Комментарий · Культура

«Мир поймал меня в ловушку»

В Москве проходит кинофестиваль короткометражного кино shnit. Что в конкурсной программе

Кадр из фильма «Черное»

Фестиваль короткометражного кино shnit с самого начала своего существования позиционируется как платформа для молодых авторов, пространство высказывания на болезненные локальные темы. В 2023 году, несмотря на сокращенную программу и изменения масштабов смотра, фильмов, касающихся тех или иных социальных проблем, стало едва ли не больше, чем обычно.

Потеря близких и неназванная война («Ма» Валентины Бесоловой), гражданские протесты и насилие силовиков («Я рисовала море» Владимира Конарева), стигматизация людей с интерсекс-вариациями («Мне надо вам что-то сказать» Евгения Марьяна), реабилитация наркозависимых и эпидемия ВИЧ («Один день Алисы» Никиты Грушина), незащищенность пожилых людей («Самый сильный ветер» Люси Корольковой), документальная рифмовка современной порноиндустрии с социальными профессиями («Ева» Ольги Смирновой), положение бездомных и полицейский произвол («Черное» Вики Дёгтевой).

Стоит сразу оговориться, что подобное сведение названных фильмов к социальным тегам — упрощение: в некоторых случаях на первом плане картины — личная моральная дилемма, как в «Черном», или противоречивая судьба человека, как в «Еве». И все-таки каждый из героев так или иначе обнаруживает себя в ситуации нехватки пространства для маневра, для свободного действия — пойманным миром в ловушку.

Сокращенный формат самого фестиваля становится идеальной метафорой и сквозной темой, проходящей через значительную часть фильмов. Как справиться с теснотой и клаустрофобией, каждый режиссер пробует разобраться по-своему.

Кадр из фильма «Один день Алисы»

Вообще самым благодарным и идеальным зрителем программы shnit мог бы стать Зигфрид Кракауэр, представитель франкфуртской школы и автор концепции социального анализа кинематографа, предлагающий видеть в фильмах отражение (в значительной степени бессознательное) общественных настроений и исторических условий, в которых они создавались. Сразу у нескольких режиссеров программы как бы непроизвольно проговаривается один и тот же мотив — вторжение в повествование информационного шума, фрагментов телевизионных передач, радиоэфира, обрывков чужой истории.

Вот в «Одном дне Алисы» главная героиня возвращается в хостел и готовится ко сну, а параллельно мы слышим часть речи ее немолодой соседки: «И как прийти в кухню? И как дойти до магазина с костылями? Ну я, конечно, накануне все себе купила, потому что ходить было вообще невозможно…» Вот в «Я рисовала море» еще до того, как на экране появится изображение, мы сперва слышим как диктор говорит о задержании Романа Протасевича в Минске; через несколько секунд фильм начинается, в машину, из колонок которой доносился голос, садится человек, героиня спешно выключает звук, но маленький услышанный отрывок задает интонацию для последующего рассказа, сперва кажущегося частной (мело)драмой.

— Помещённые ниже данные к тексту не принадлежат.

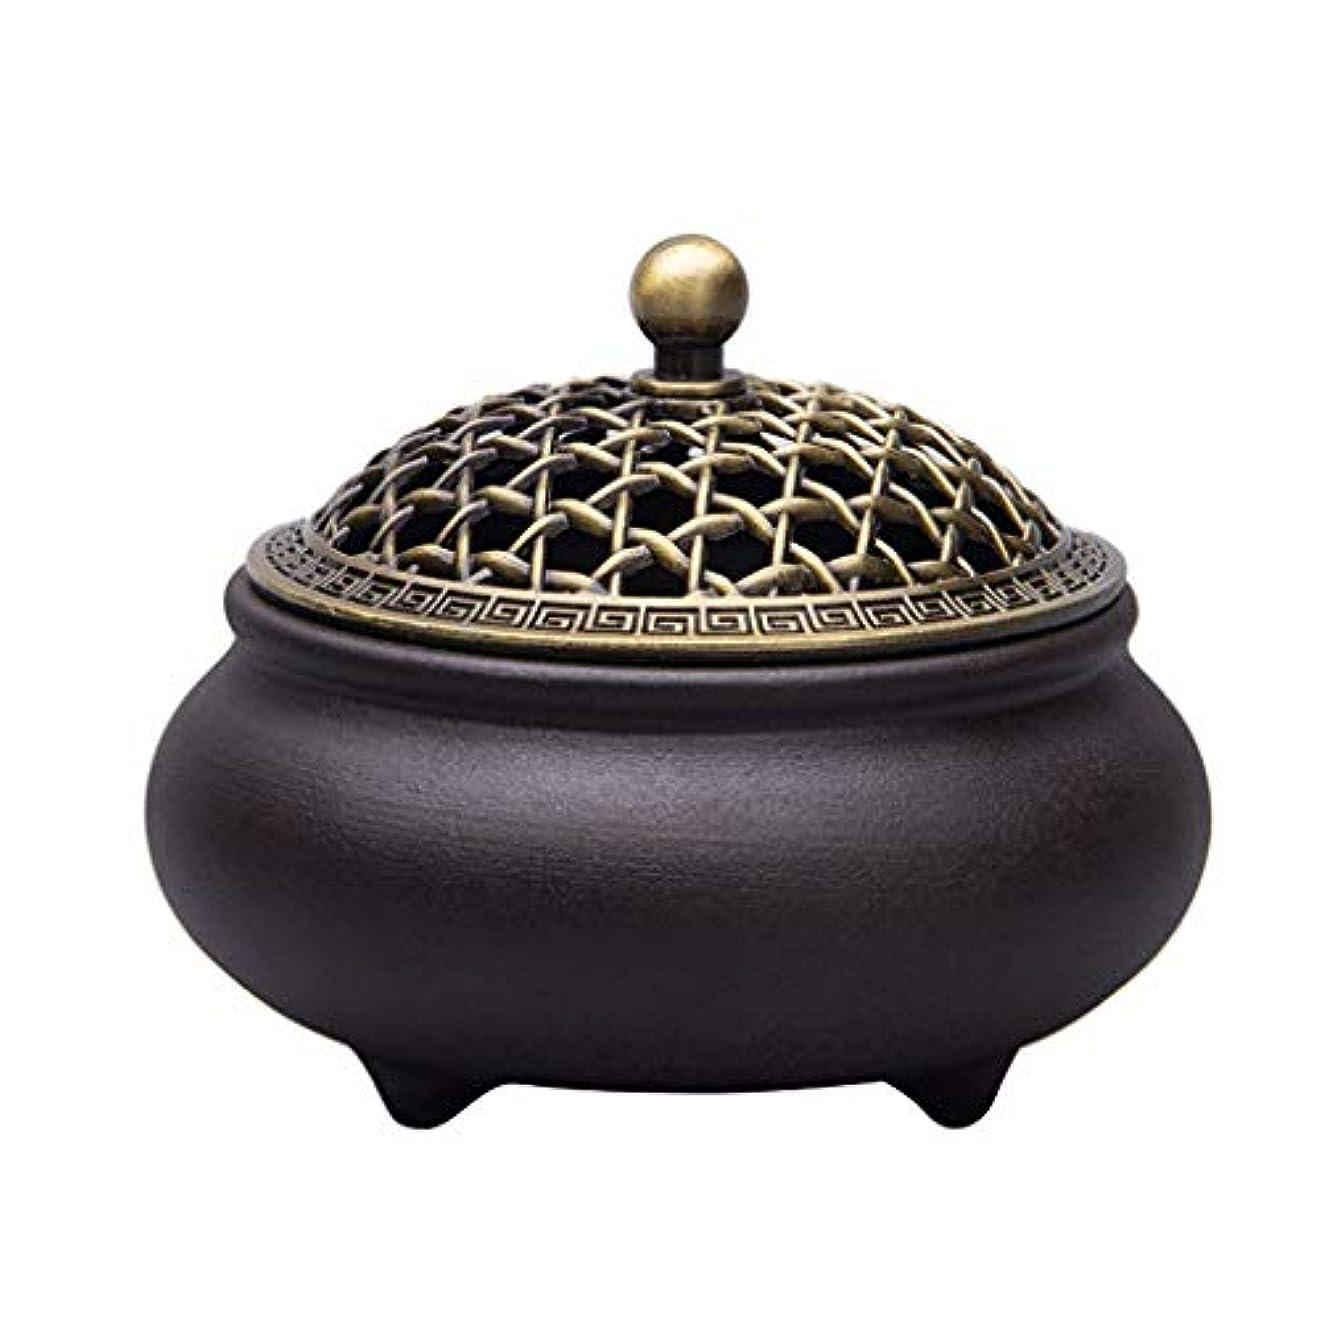 起きて非常に取り扱い芳香器?アロマバーナー セラミック香炉3本足アロマテラピー炉ホームインテリア装飾品 アロマバーナー芳香器 (Color : A)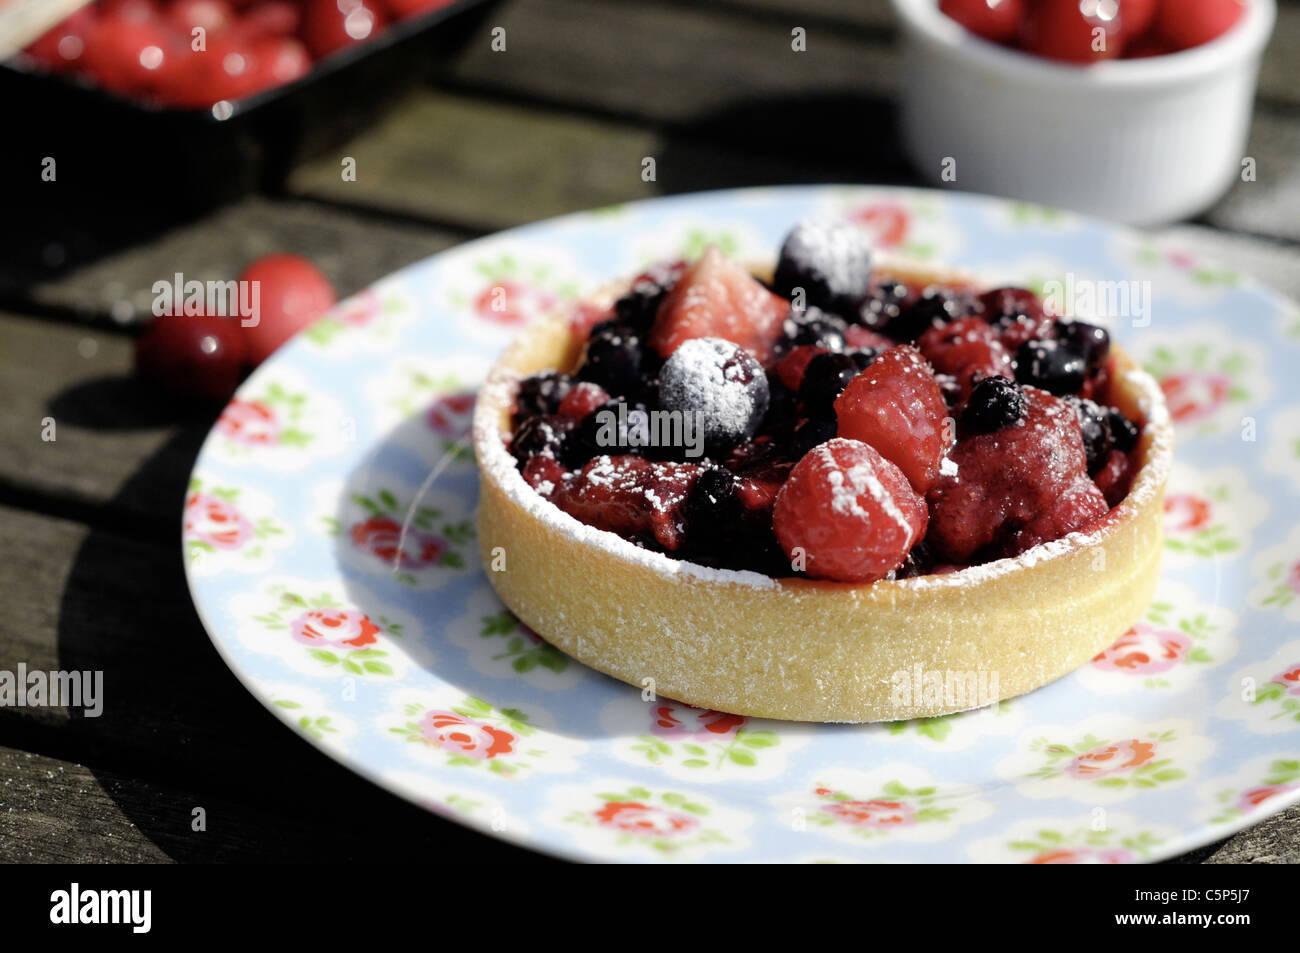 Berry inicio fuera sobre una placa florido Imagen De Stock

Кадр из фильма «Я рисовала море»

Целиком в своего рода лимб радио- и телеэфира переносит действие своего «Самого сильного ветра» Люся Королькова: на протяжении 20 минут мы наблюдаем за одиноким бытом немолодой женщины, протекающим между телефонными звонками дочери и информационным треском гаджетов — постепенно пространство и время деформируются, расцветают жутковатыми фантасмагорическими образами, так что вся жизнь начинает представляться однотонным фоном, бесконечным разматыванием думскроллинга из собственного тела и психики.

Как фоновая реплика, фраза, брошенная впроброс, германовский закадровый фрагмент речи — именно в таком формате эти фильмы зачастую говорят о самом важном и мучительном.

Кадр из фильма «Самый сильный ветер»

Так работает, например, упомянутый короткий намек на минские протесты на первых секундах «Я рисовала море». Так почти без слов обходится Валентина Бесолова в «Ма»: «Это не вещи моего сына, забирайте их и уходите», — издалека слышим мы голос героини на первой минуте. За этой репликой почти не последует никакого пояснения, только драма разобщенности матери и дочери, внезапно оставшихся в одиночестве; от прояснения ситуации и прямой речи прежде всего уклоняются сами героини, не зная языка, на котором бы можно было говорить о происходящем.

«Я хотела вчера на митинг пойти, но мне сказали, что если я пойду на митинг — меня уволят», — произносит безымянный и невидимый персонаж из «Мне надо вам что-то сказать». Судя по контексту, это преподавательница провинциального техникума, мы слышим ее слова среди гула людного коридора, они звучат между репликами главных героев, на которых сосредоточено внимание камеры.

О тяжелых и опасных темах говорят не то чтобы шепотом и с оглядкой, но скорее вот так, в фоновом режиме, они равномерно распылены всюду, и оттого их звучание лишено настоящей силы негодования или решительности.

Кадр из фильма «Ма»

Голос невидимой учительницы очень характерен — растерянный, чуть по-детски озадаченный, кроткий.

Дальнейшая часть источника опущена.